━━ DATA EXTRACT ━━

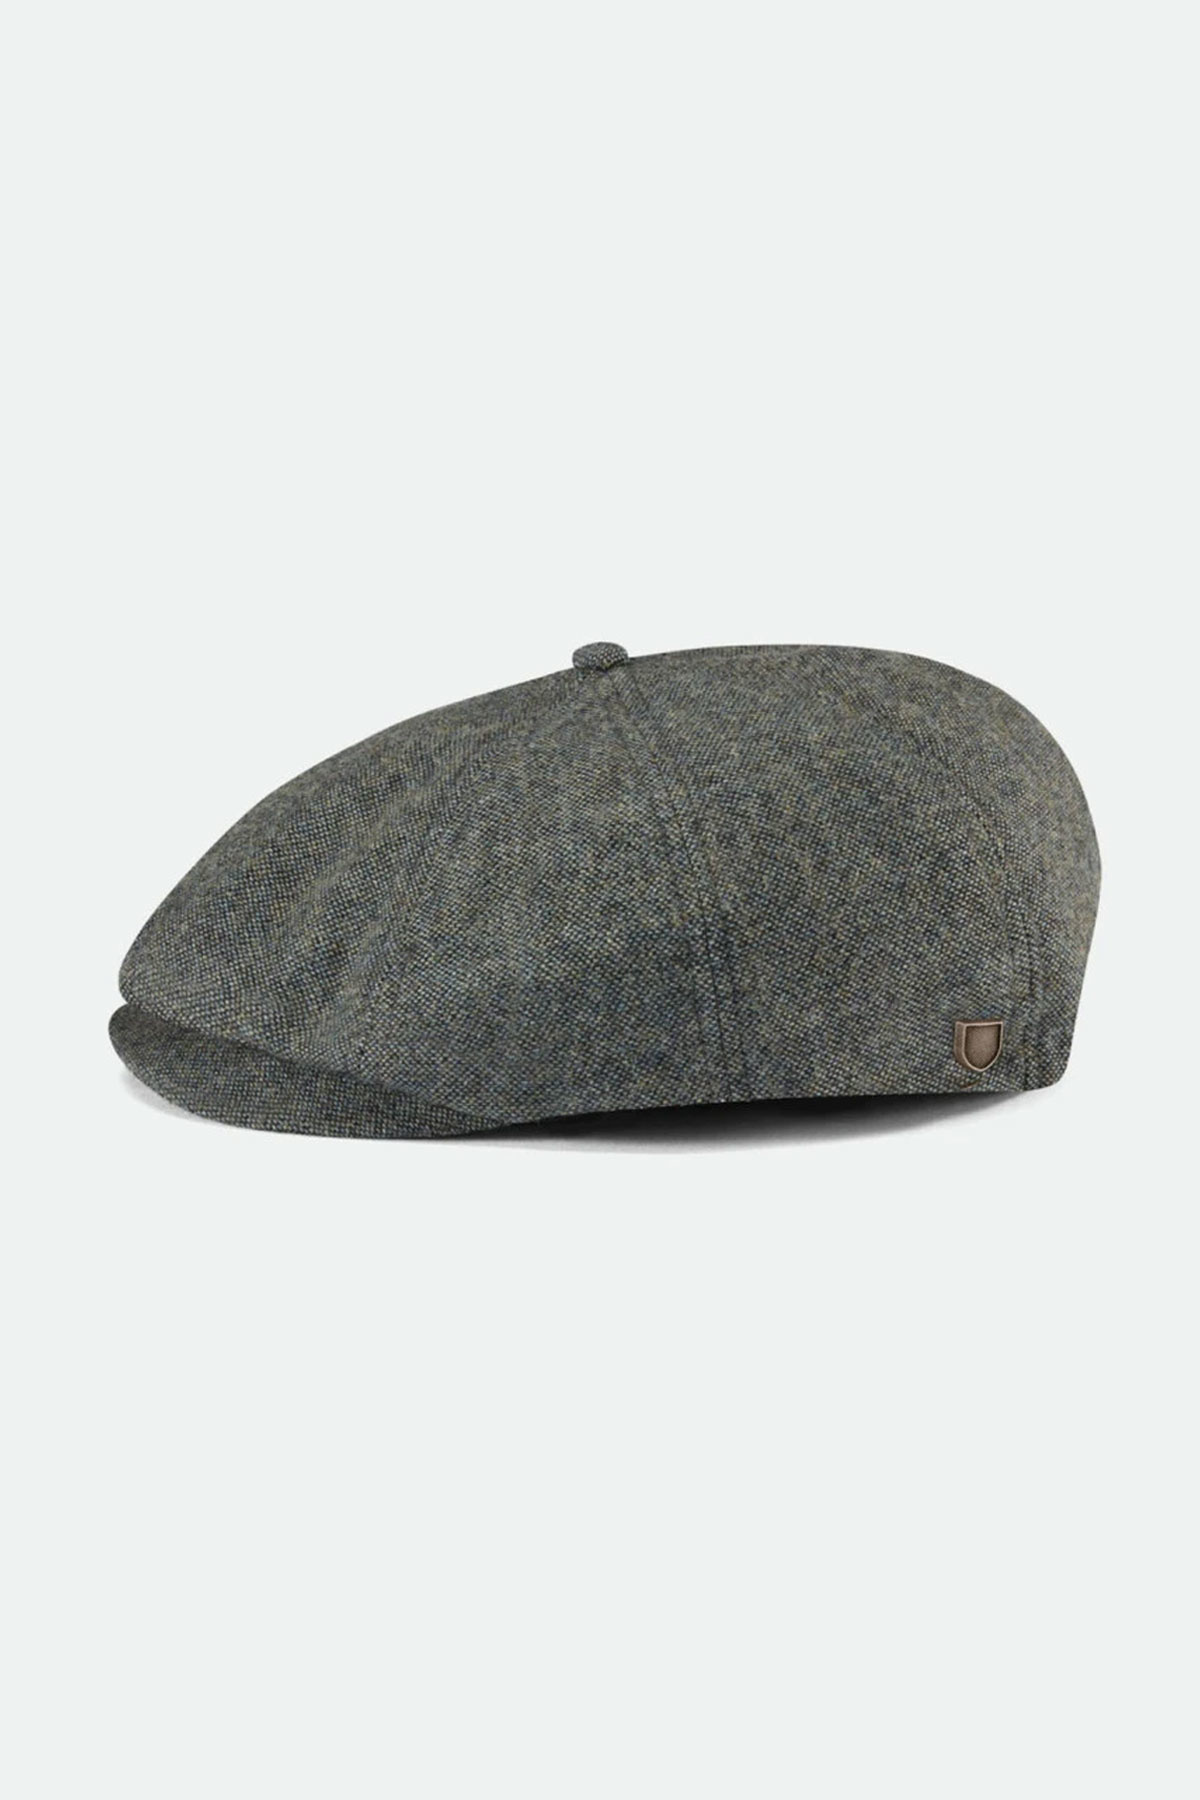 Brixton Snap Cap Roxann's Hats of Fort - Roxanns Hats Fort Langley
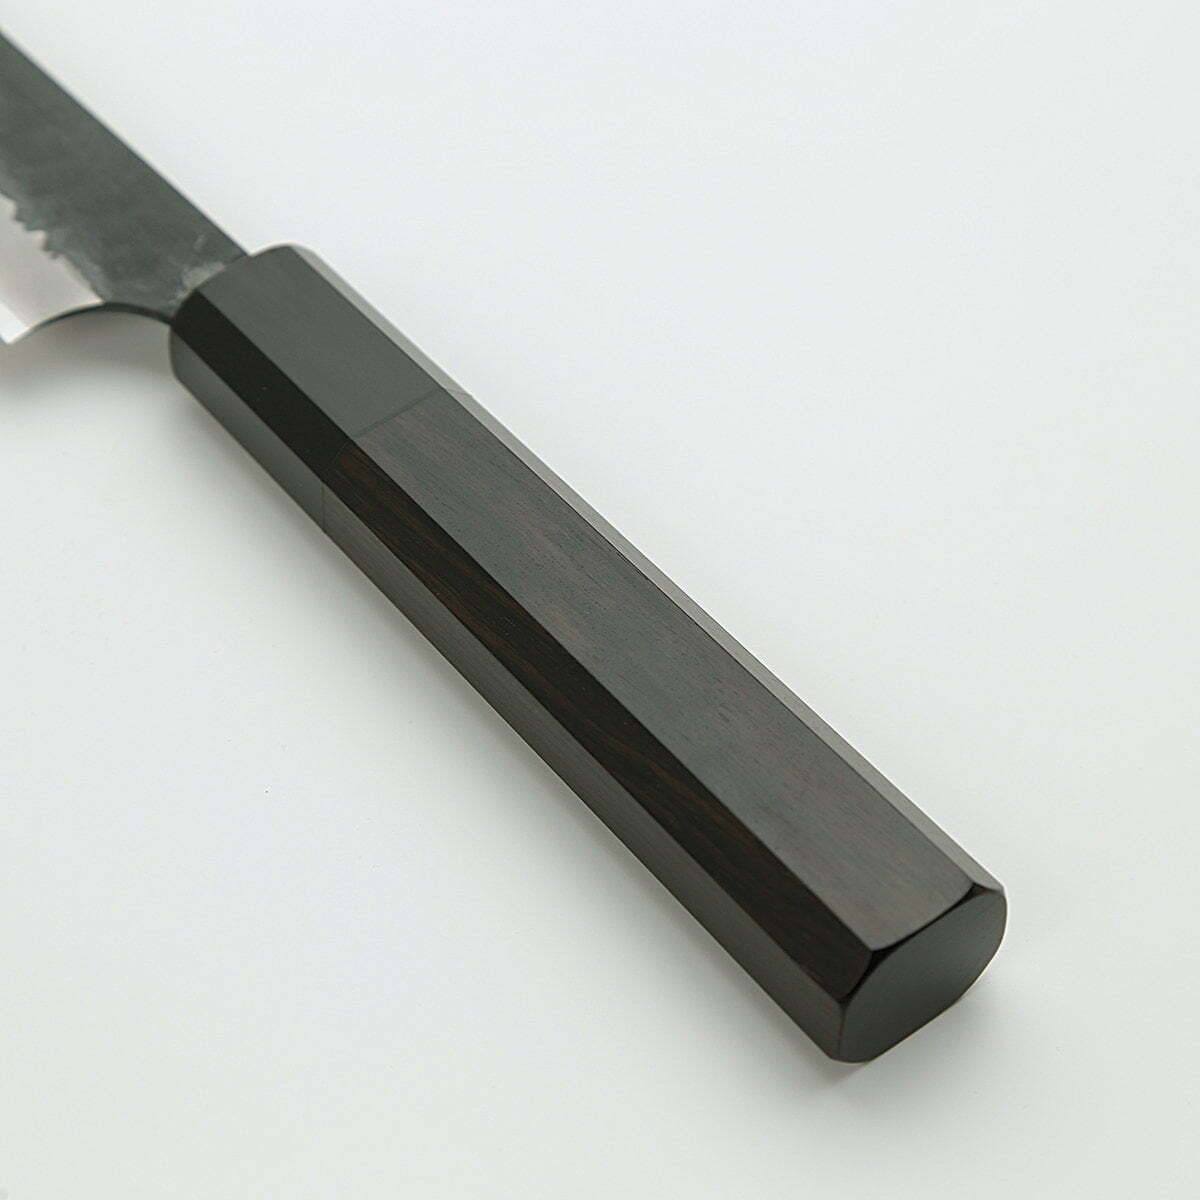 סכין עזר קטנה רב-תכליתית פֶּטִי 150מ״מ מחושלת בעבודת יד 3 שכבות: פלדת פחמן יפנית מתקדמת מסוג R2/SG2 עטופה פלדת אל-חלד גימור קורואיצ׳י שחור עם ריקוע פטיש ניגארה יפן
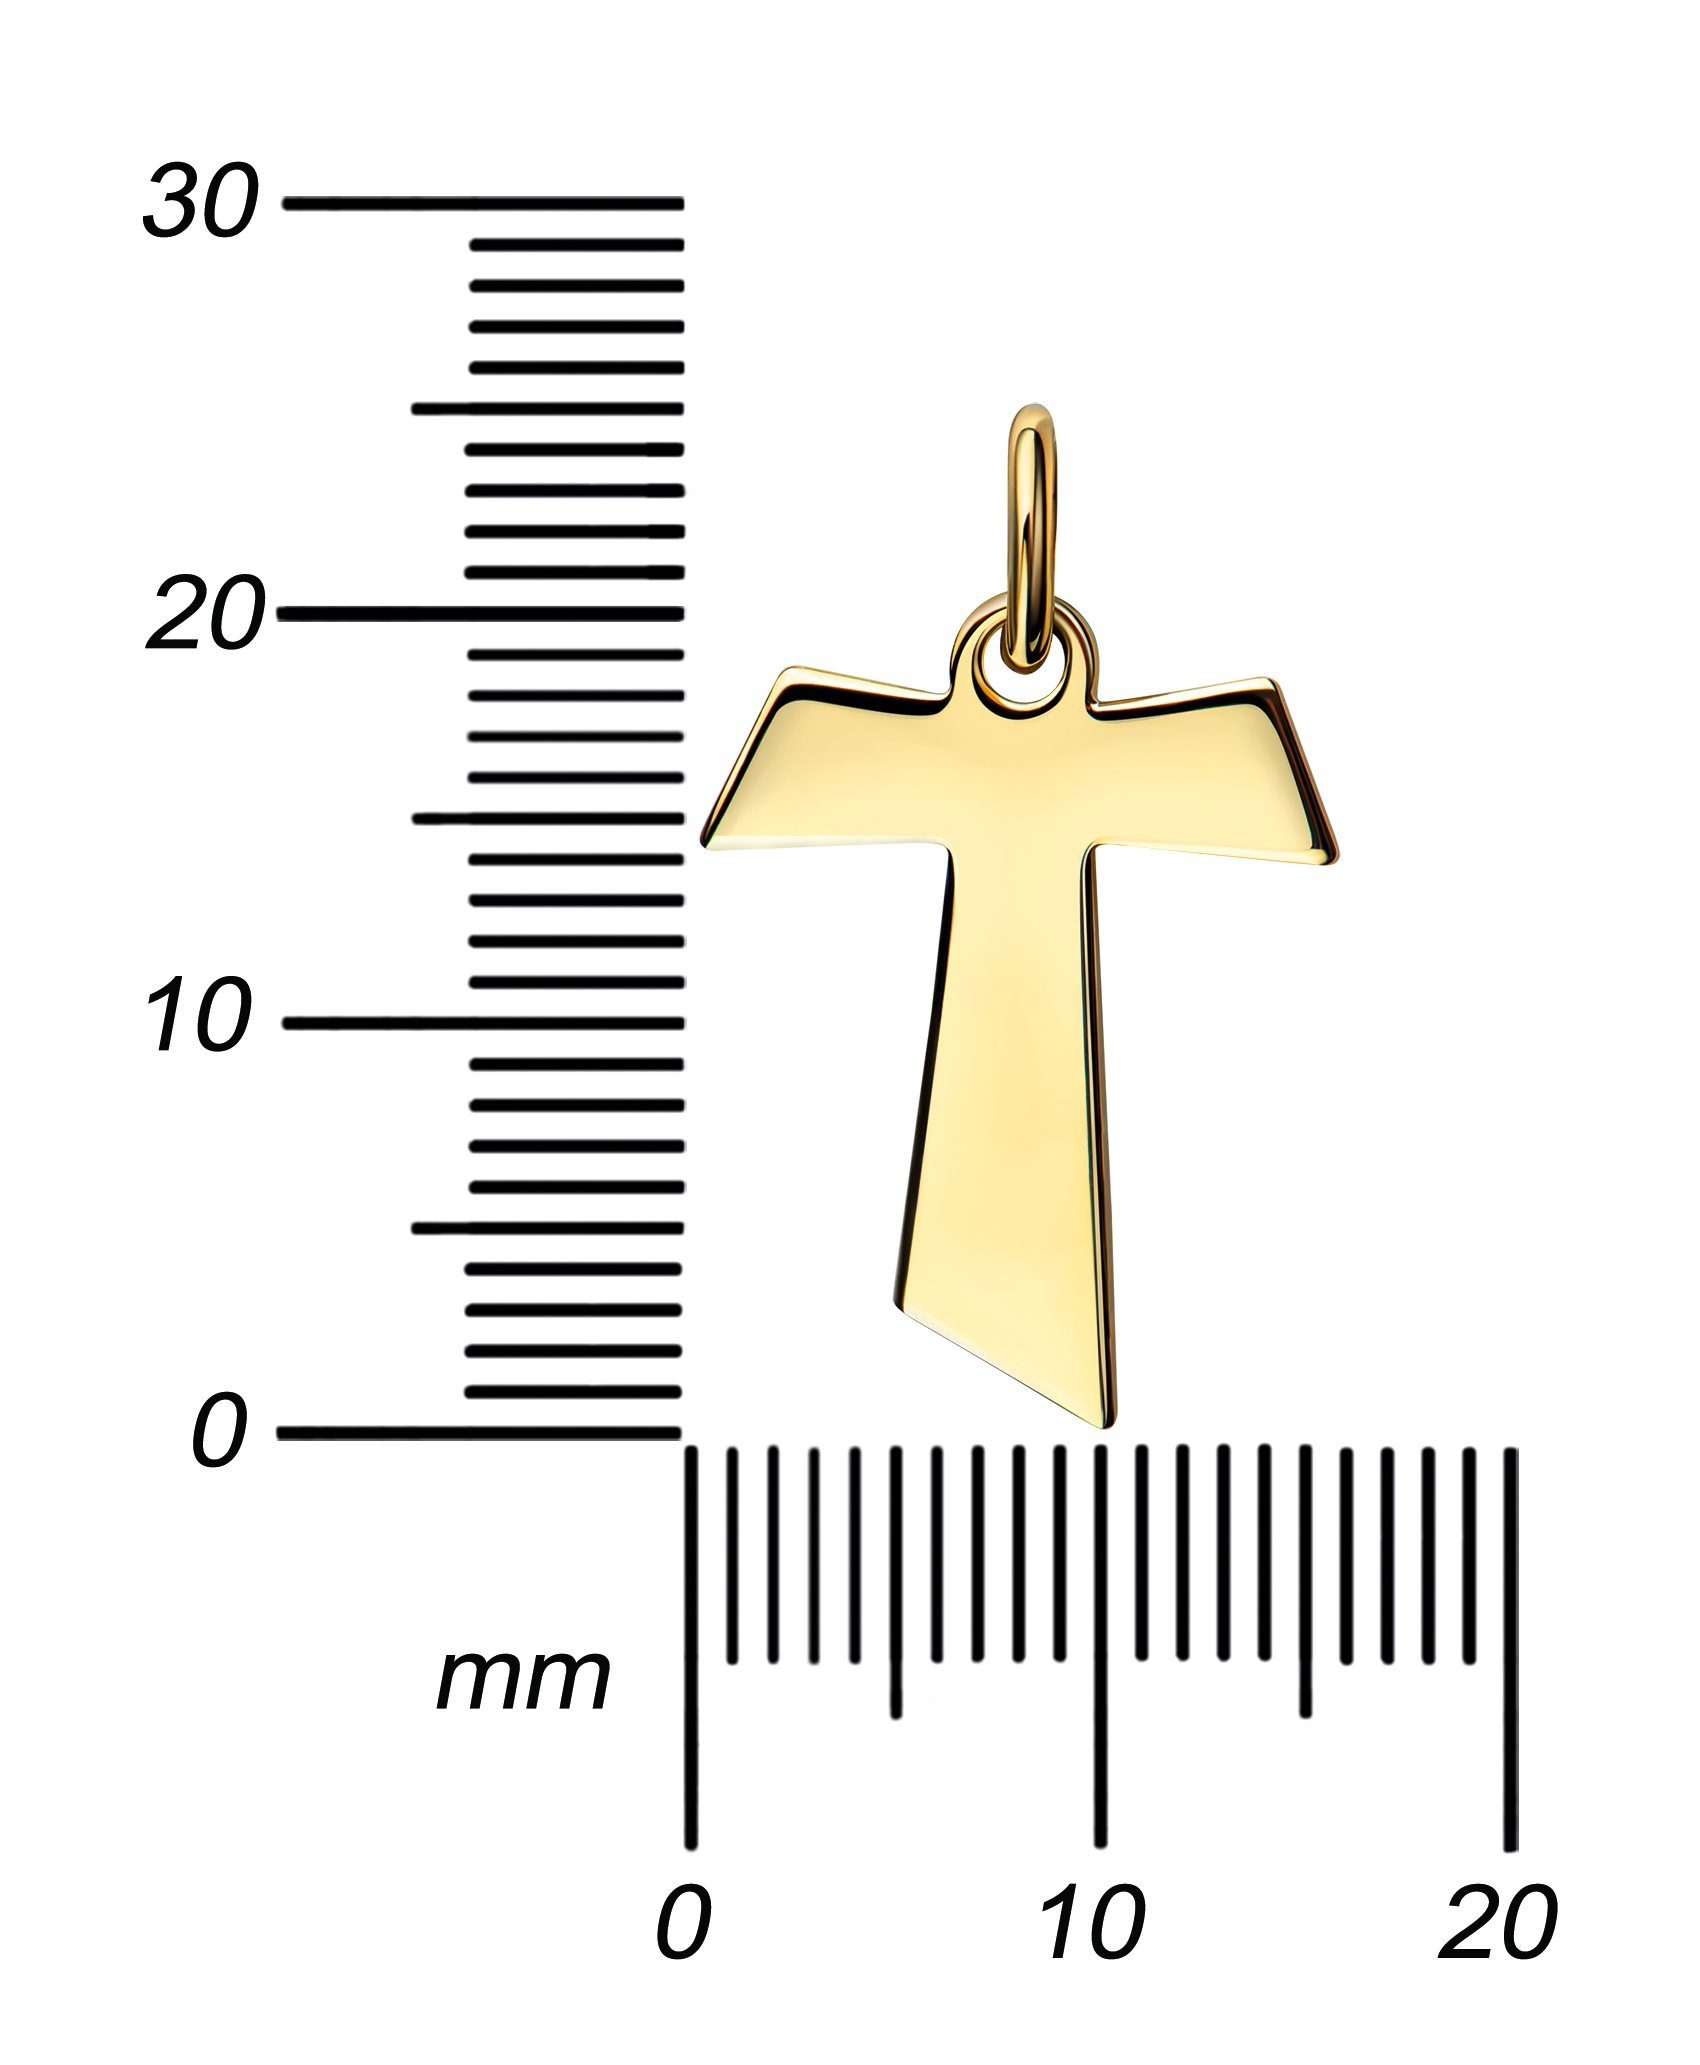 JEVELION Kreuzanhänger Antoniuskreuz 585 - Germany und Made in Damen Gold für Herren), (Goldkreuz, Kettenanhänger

━━━

- [TO DO]
Apart from the images, retype the full material exactly as written.

- [RESPONSE AREA]
 Brixton Snap Cap Roxann's Hats of Fort - Roxanns Hats Fort Langley
 סכין עזר קטנה רב-תכליתית פֶּטִי 150מ״מ מחושלת בעבודת יד 3 שכבות: פלדת פחמן יפנית מתקדמת מסוג R2/SG2 עטופה פלדת אל-חלד גימור קורואיצ׳י שחור עם ריקוע פטיש ניגארה יפן
 JEVELION Kreuzanhänger Antoniuskreuz 585 - Germany und Made in Damen Gold für Herren), (Goldkreuz, Kettenanhänger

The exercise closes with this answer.